随时间变化的预测因子通常也会随空间变化,但有一个重要例外。尽管我们上文认为物候应被视为环境条件的新兴属性,而不是时间的直接结果,但植物有一个关键的环境因素是时间的直接函数(至少在区域尺度上):光周期(或简称日照时间)。除少数寄生物种外,光是所有植物的必需资源,日照时间驱动着热带以外地区的许多必需的生理和物候过程。此外,在大多数地区,日照时间与其他重要因素直接相关,例如温度,某种程度上也与降水有关。能够直接从观察日期推断出有关这一基本因素的信息,例如通过正弦/余弦映射,或者在更大尺度上使用日照时长公式,可以用最少的信息推断出广泛的物候模式。
然而,在季节性环境中,物候学表现出显著的年际变化,只有通过全时空分辨率的预测因子才能解决。在这种情况下,最相关的因素是温度和降水的每日时间序列,从中可以推断出具有生态意义的统计数据,例如生长度或寒冷天数。累积间隔可以调整为更短的周期(例如过去几周)或更长的周期(例如自年初以来),具体取决于感兴趣现象的时间。此外,基于生态合理性,可能会在感兴趣的现象的时间和考虑的气象统计数据之间引入滞后时间。同样,可以考虑遥感观测的时间序列,例如植被指数和其他生产力代理指标。与传统 SDM 相比,具有全时空分辨率的 SDM 的数据需求要高出许多倍,因为需要对所有像素乘以相关时间层进行推断,这使得在大空间和时间范围以及高空间和时间分辨率下进行分析具有挑战性。最近发布的 R 包 dynamicSDM等工具在这种情况下非常有用,它们基于 Google Earth Engine 构建,可以有效地从相关时间序列中提取信息,并提供其他有用的例程,例如时空伪缺失采样。
对于某些植物,时空 SDM 可能对显著的物候事件提供直接推断,但为了进行准确估计,还应考虑观察到的个体的物候阶段(或人口统计阶段)(表 2)。小型、显著开花的草本植物的最大观察概率日期与盛开个体的观察日期之间存在良好的对应关系。然而,对于大多数物候阶段,只有明确建模才能可靠地做出此类估计。我们的文献检索发现,没有将物候阶段纳入 SDM 的已发表方法。如果有足够的数据,一种直接的方法是过滤物种的观察结果以了解特定的感兴趣物候阶段,并对其进行有针对性的建模(框 1;另请参阅 Ramírez-Albores 等人(2016 年)的人口统计阶段示例)。更复杂的方法可能会受到区分人口阶段的 SDM 方法的启发。
人们提出了不同的方法来联合建模各个人口统计阶段的分布。在数据有限的情况下,这种方法可能特别有效,因为可以跨人口统计阶段借用推理强度。例如,“基于大小”的 SDM 同时模拟日本西伯尔德山毛榉 ( Fagus crenata ) 成年和幼年个体的出现概率。他们使用广义线性混合模型,以幼年和成年个体的存在/不存在作为响应变量。成年个体的出现概率是五个与气候相关的预测因子的函数,而幼年个体的出现概率被假定为成年个体出现概率和积雪深度的函数。同样,幼年树和成年树的分布已被作为子模型纳入分层贝叶斯建模框架。
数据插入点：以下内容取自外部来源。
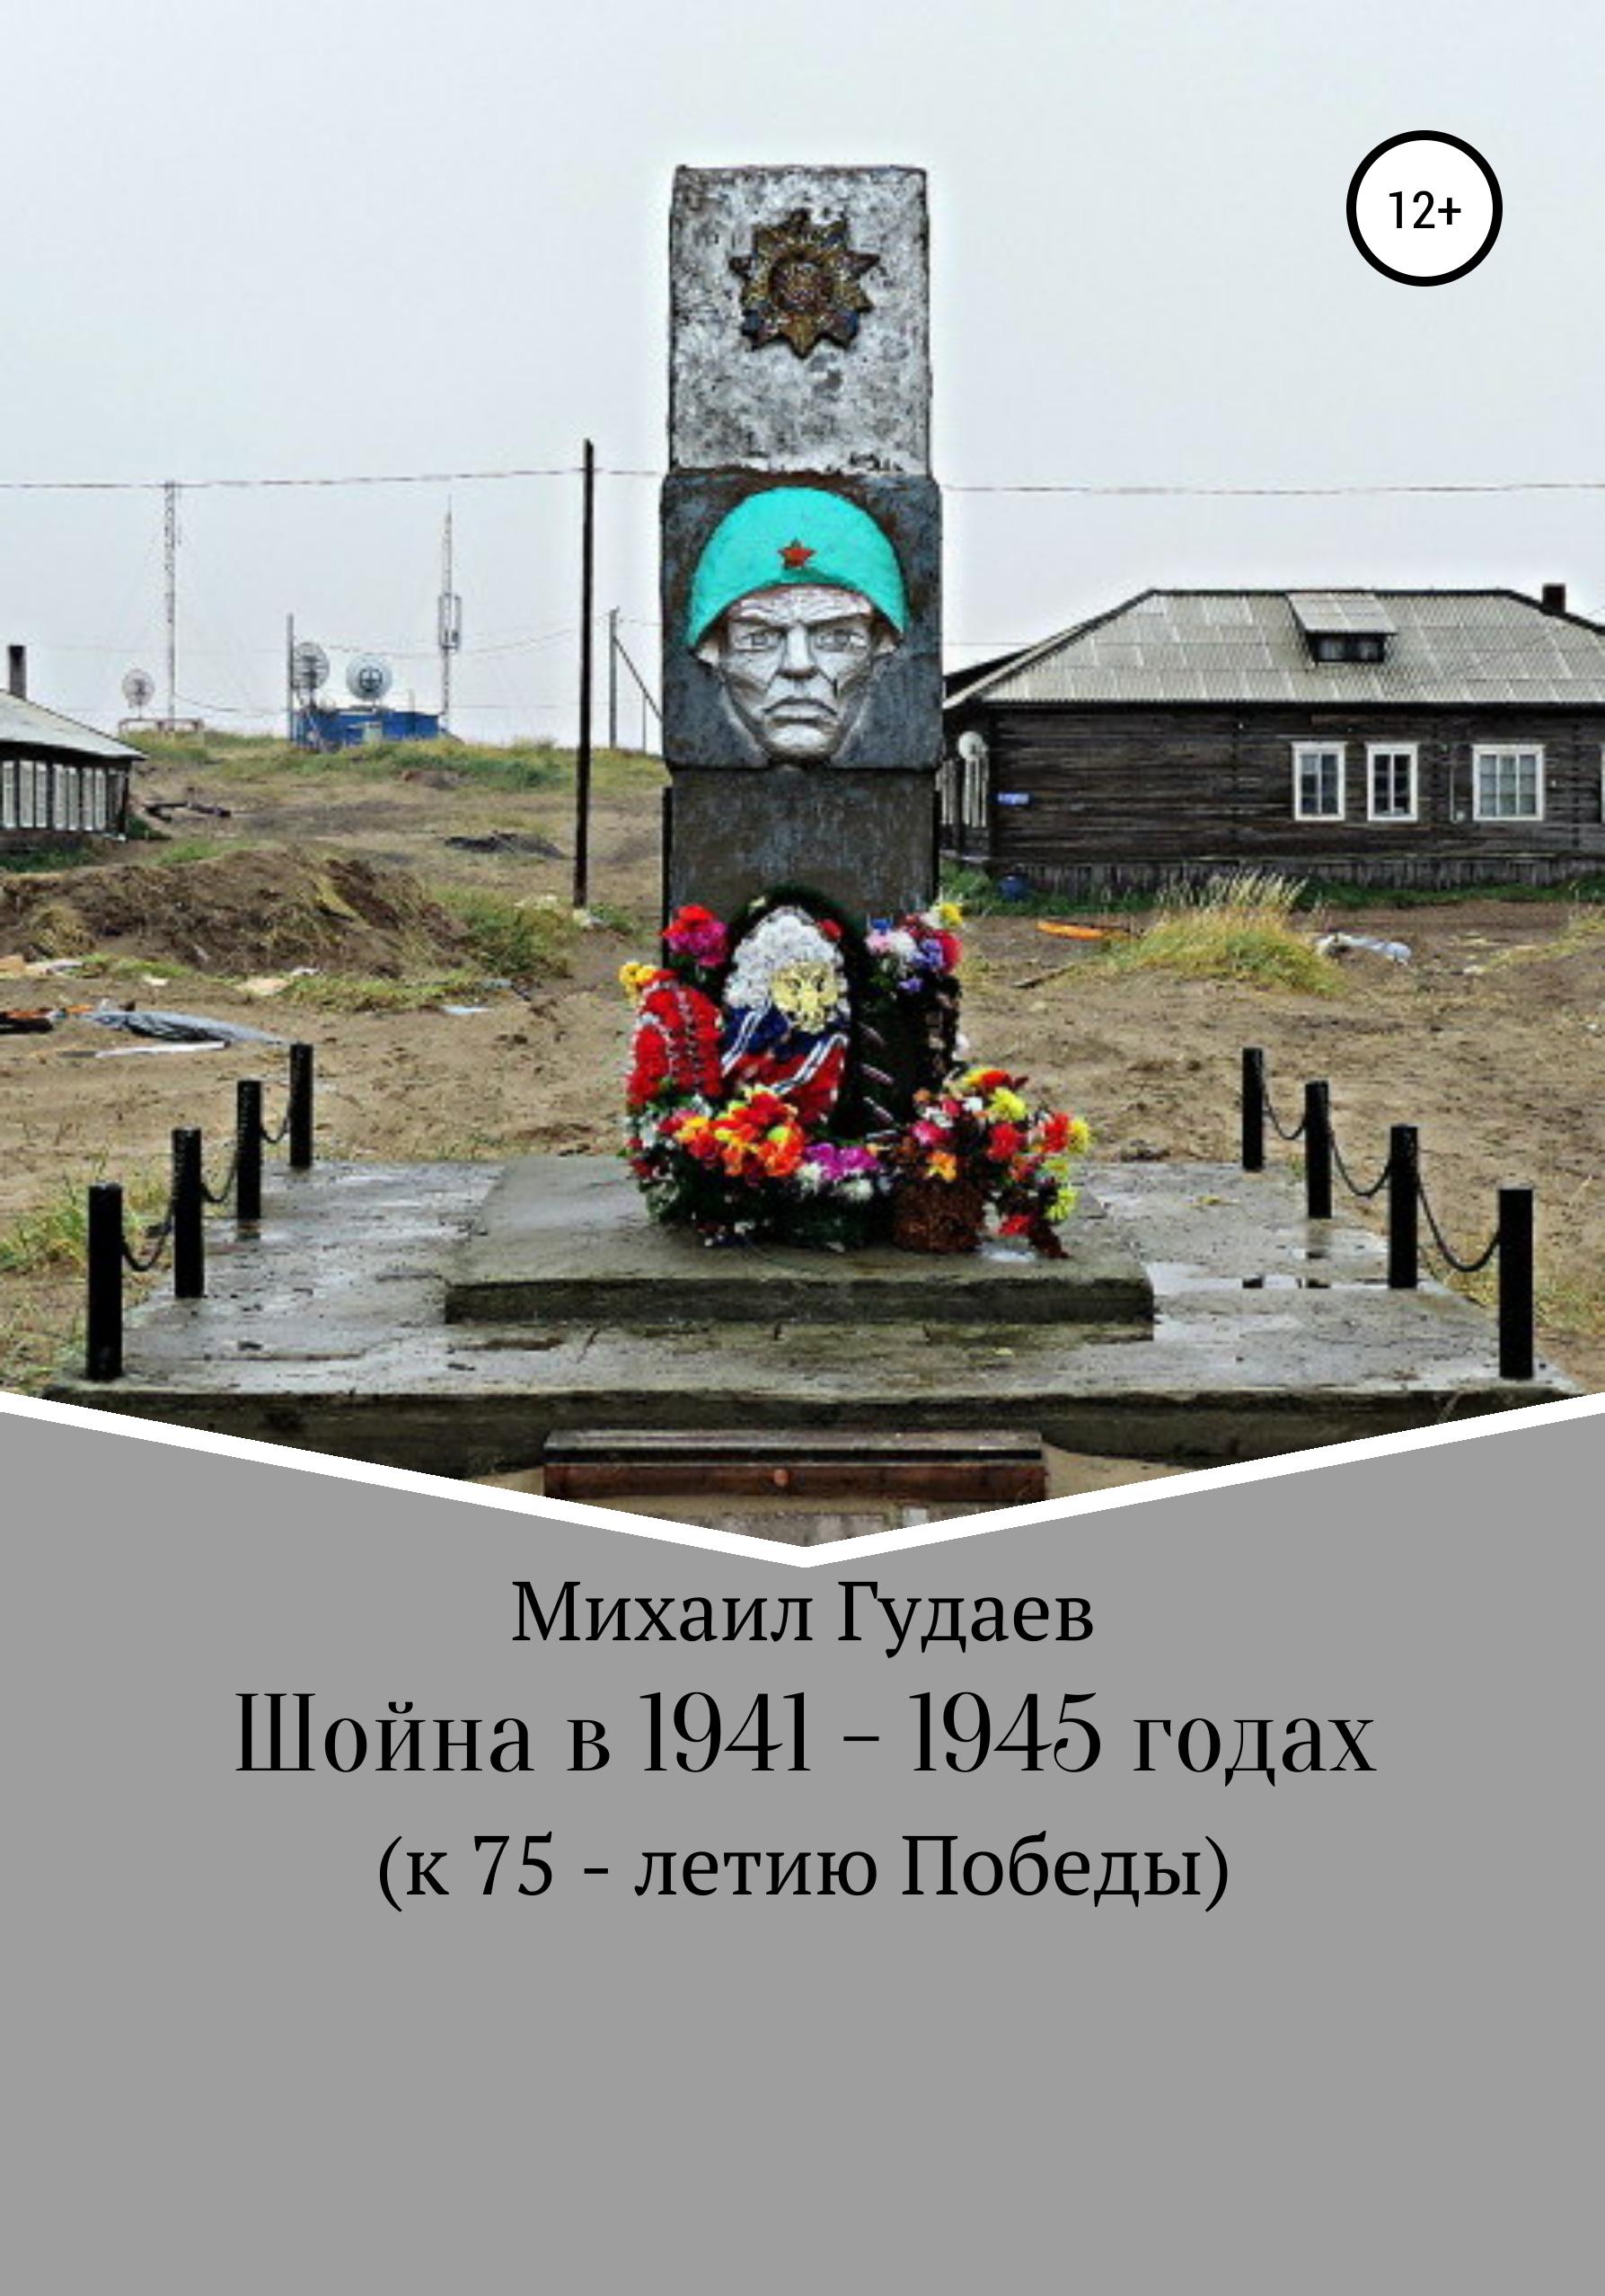 Михаил Васильевич Гудаев Шойна 1941 – 1945 годы максим кисляков раскаленная броня танкисты 1941 года

尽管自从全球生物多样性数据库(例如全球生物多样性信息机构(GBIF;http://www.gbif.org))建立以来,公开可用的发生观测数量呈指数级增长,但它们主要包含有关物种身份和空间坐标的信息。相反,它们往往缺乏研究物候或人口统计方面所必需的额外元信息。虽然观察日期更常规可用,但很少报告观察到的个体的物候阶段或人口统计阶段。例如,在 GBIF 中搜索2023 年的Quercus robur发生记录,得到了 24,202 条带有空间坐标信息的发生记录。
GBIF 数据包含“生命阶段”的元数据字段,但对于Q. robur ,只有 3% 的记录( n = 680)提供了此字段的信息 ,并且包含物候和人口统计阶段信息(例如成虫、开花、结果、幼苗和营养生长)。有关物候或人口阶段的附加信息对于特定阶段的时空 SDM 至关重要(表 2),因此,如果数据门户(例如,用于公民科学观察)更经常地要求提供此类信息,那将是可取的。然后,时空SDM 可以利用重要气象条件和遥感信息的密集时间序列,这些信息在全球范围内越来越多地可用,具有高空间分辨率。
计算能力的提高、大量生物多样性数据的数字可用性以及公民科学方法的普及为理解生物现象提供了新的可能性。构建明确考虑物候阶段或人口统计阶段的时空 SDM 可以更机械地理解生态位和范围决定因素,并可以揭示植物物种对环境变化的预期反应(方框 1)。
4 结论
由于气候变化正在加速并影响几乎所有生物过程,我们迫切需要更深入地从机制上理解生物多样性的驱动因素。SDM 是全球变化生态学和保护领域的一个有力工具,因为它们可以快速评估物种与环境的关系以及不同全球变化情景下预期的栖息地适宜性潜在变化。然而,正如我们在此所展示的,只有少数 SDM 研究明确考虑了与物候或人口统计相关的生态位时间成分。在 SDM 中忽略这些时间成分可能会导致生态位估计出现偏差,从而对未来的预测出现偏差。在 SDM 中考虑人口统计阶段对于树木等长寿物种尤为重要,因为环境数据(尤其是气候)的参考期与植物物种再生之间的时间不匹配可能导致对生态位和范围边缘的严重高估或低估。同时,考虑物候阶段对于更机械地理解关键生态位决定因素以及预测气候变化下物种重新分布如何与其物候变化相吻合或依赖于其物候变化非常重要。这种理解对于评估未来物种的持久性和食物网的恢复力以及为管理和缓解决策提供信息至关重要。尽管迄今为止文献中只有少数时空 SDM 示例,但公民科学数据等新数据开辟了新的机遇。正如我们所展示的,时空分辨的 SDM 可以详细了解栖息地适宜性的时空变化,以及物候阶段适宜条件的时间和持续时间(见方框 1)。可以为人口统计阶段构建类似的时空 SDM。作为此类分析的先决条件,我们建议生物多样性数据库以及公民科学门户网站和移动应用程序更定期地要求用户报告物候阶段以及人口统计阶段或规模。将来,还可以通过自动解释公民科学家提供的图像来促进此类信息的收集。